◆ Work instruction ◆
Among the lines below, output only those between the line holding "Nima Embroidered Pillow" and the line holding "Charming Sectional Sofas", inclusive, exactly as written and with no pictures.

◆ Supplied material ◆
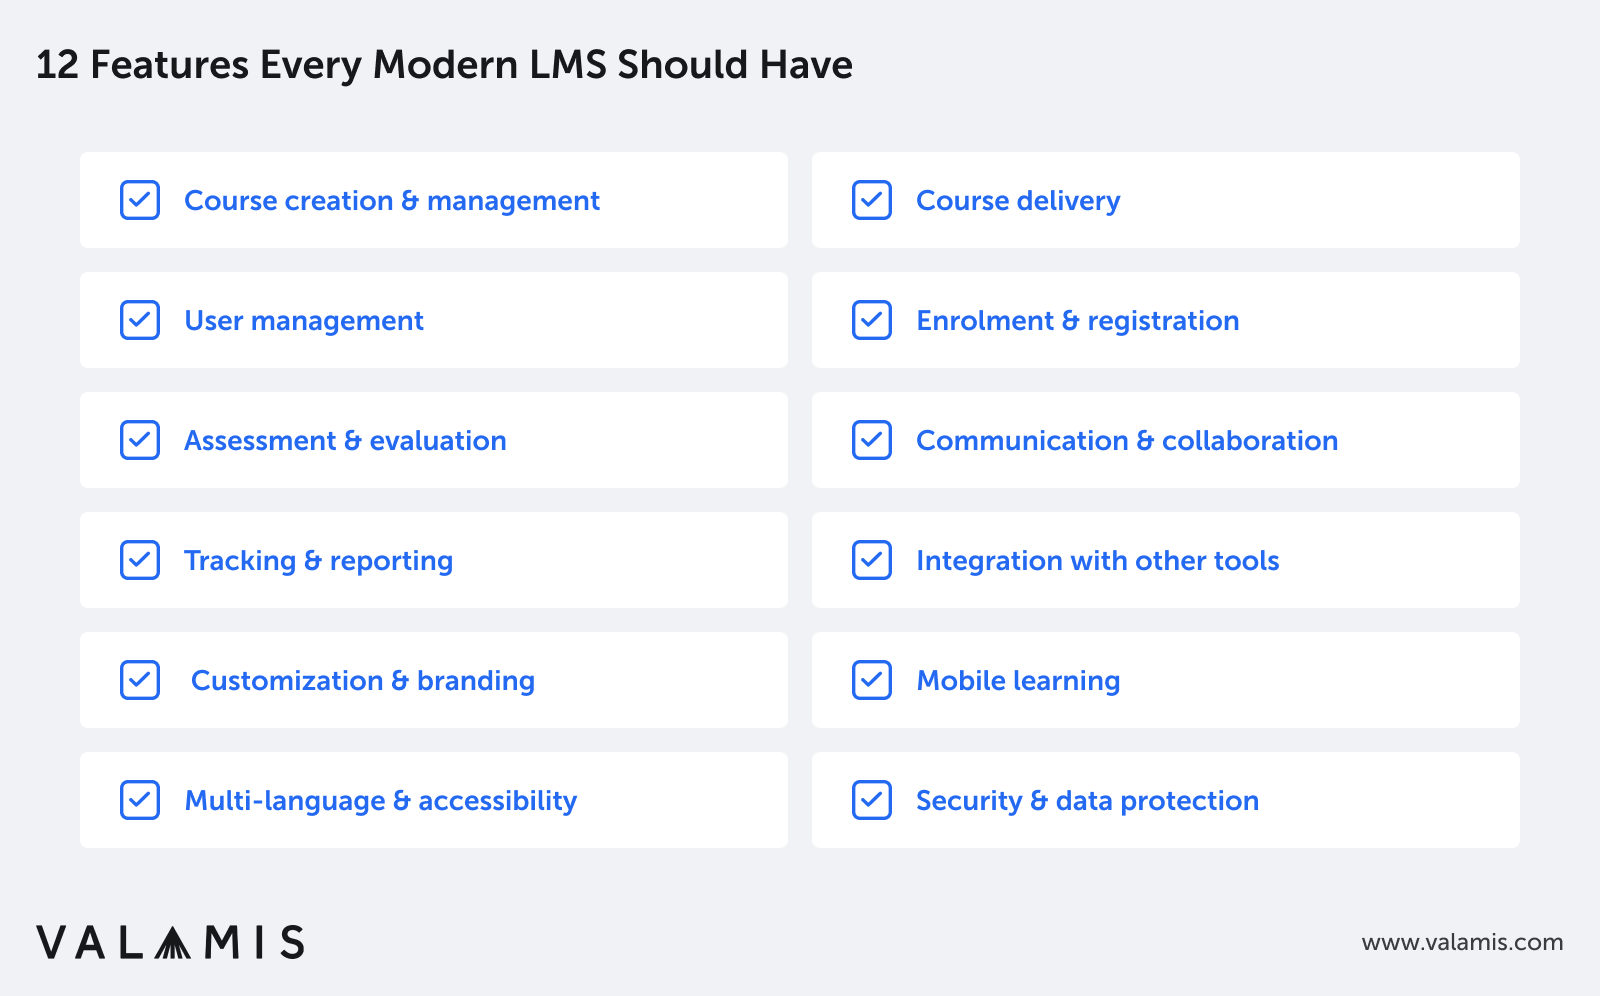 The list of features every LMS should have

---

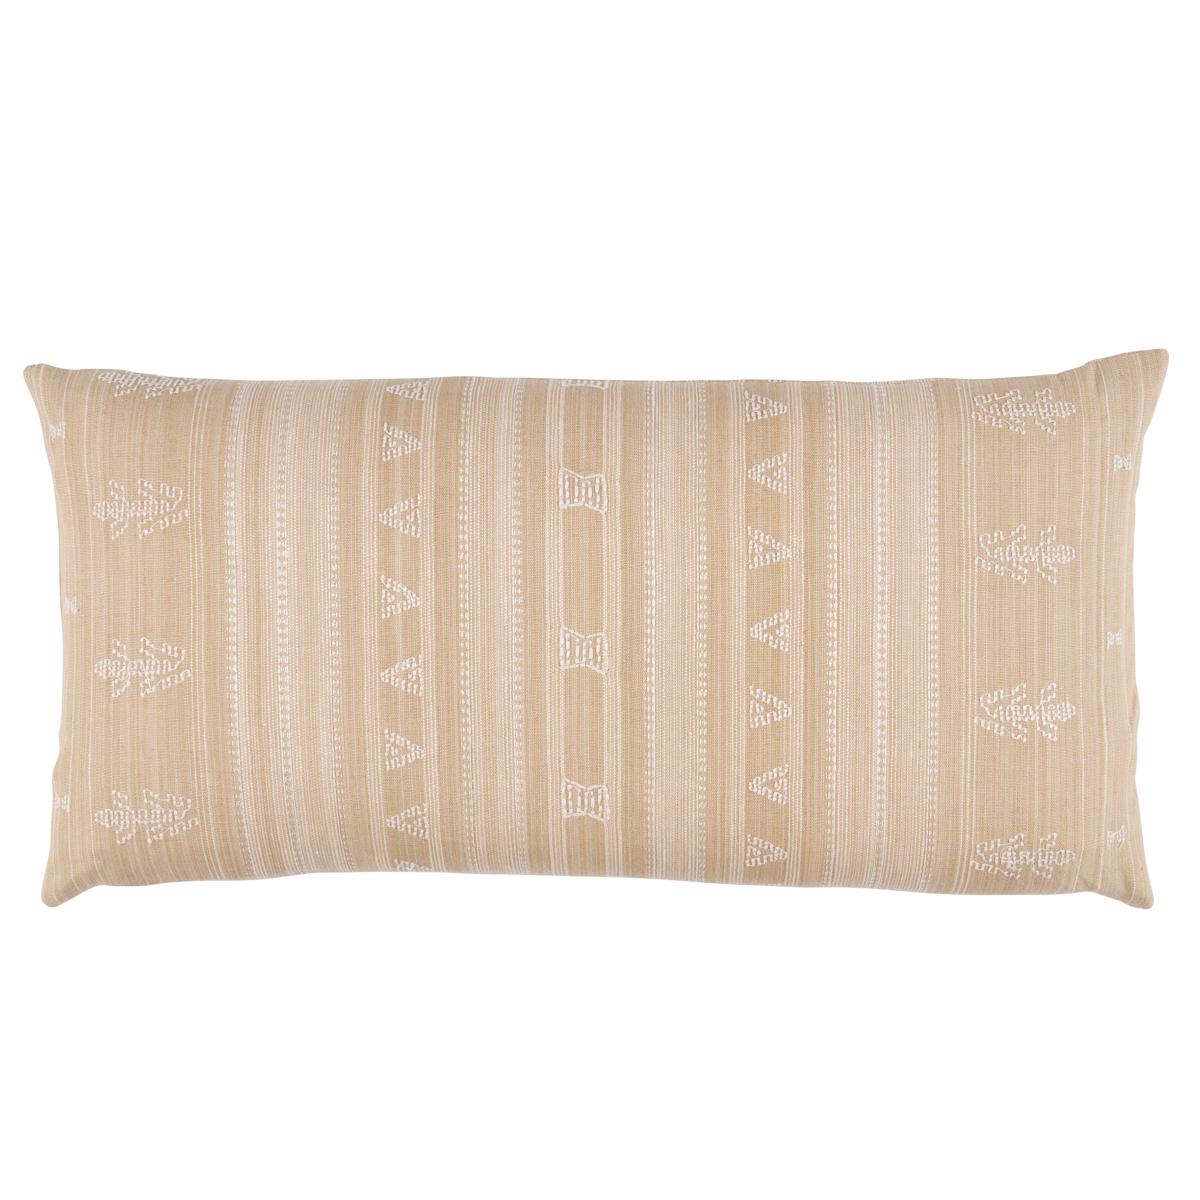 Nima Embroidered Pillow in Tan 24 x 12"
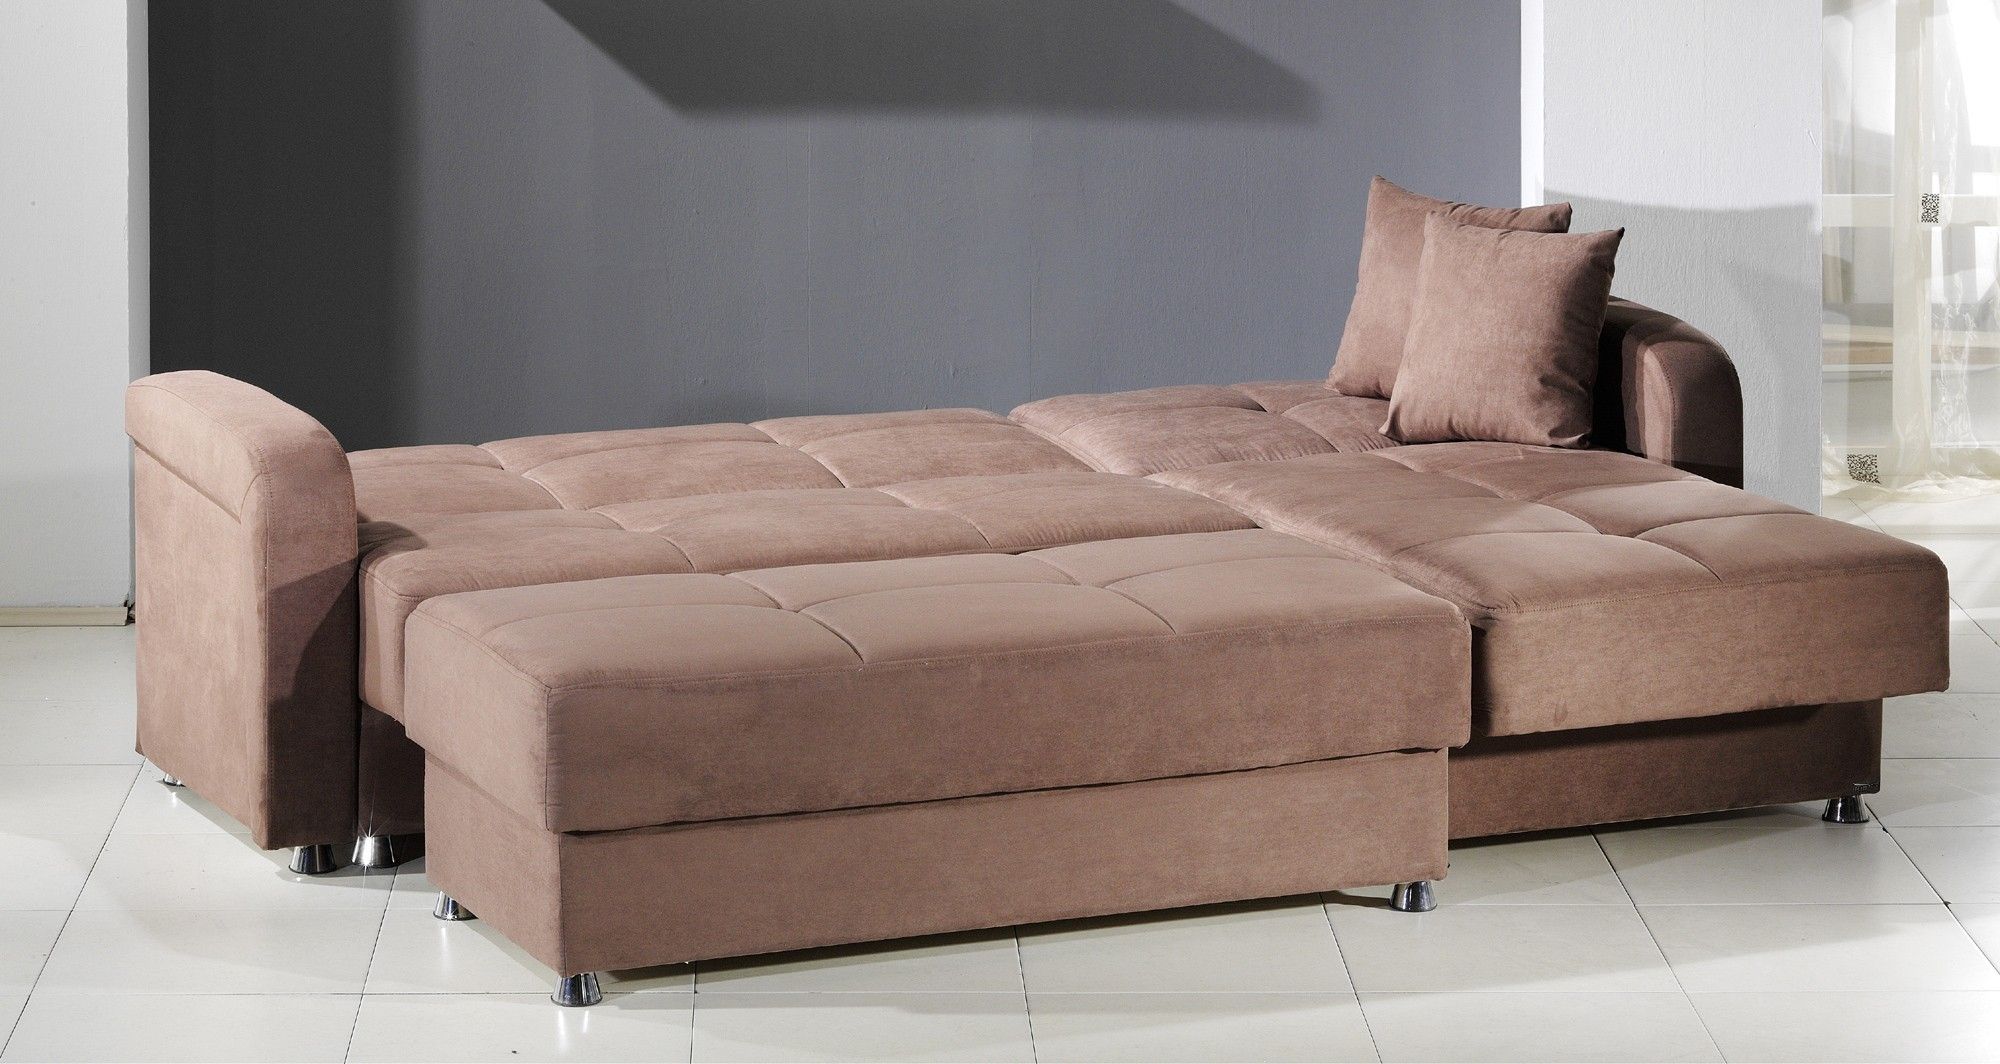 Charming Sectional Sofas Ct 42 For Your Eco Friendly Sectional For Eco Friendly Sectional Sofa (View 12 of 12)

◆ Solution to the exercise ◆
 Nima Embroidered Pillow in Tan 24 x 12"
 Charming Sectional Sofas Ct 42 For Your Eco Friendly Sectional For Eco Friendly Sectional Sofa (View 12 of 12)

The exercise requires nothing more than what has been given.